## [Activity]
Print, exactly as they appear, only the lines from the line that contains "Dateun Capricho Con American Express." through the end of the listing.

## [Given information]

**********

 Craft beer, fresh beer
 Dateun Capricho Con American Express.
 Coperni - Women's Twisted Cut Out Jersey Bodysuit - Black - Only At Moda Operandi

**********

## [Exercise result]
 Dateun Capricho Con American Express.
 Coperni - Women's Twisted Cut Out Jersey Bodysuit - Black - Only At Moda Operandi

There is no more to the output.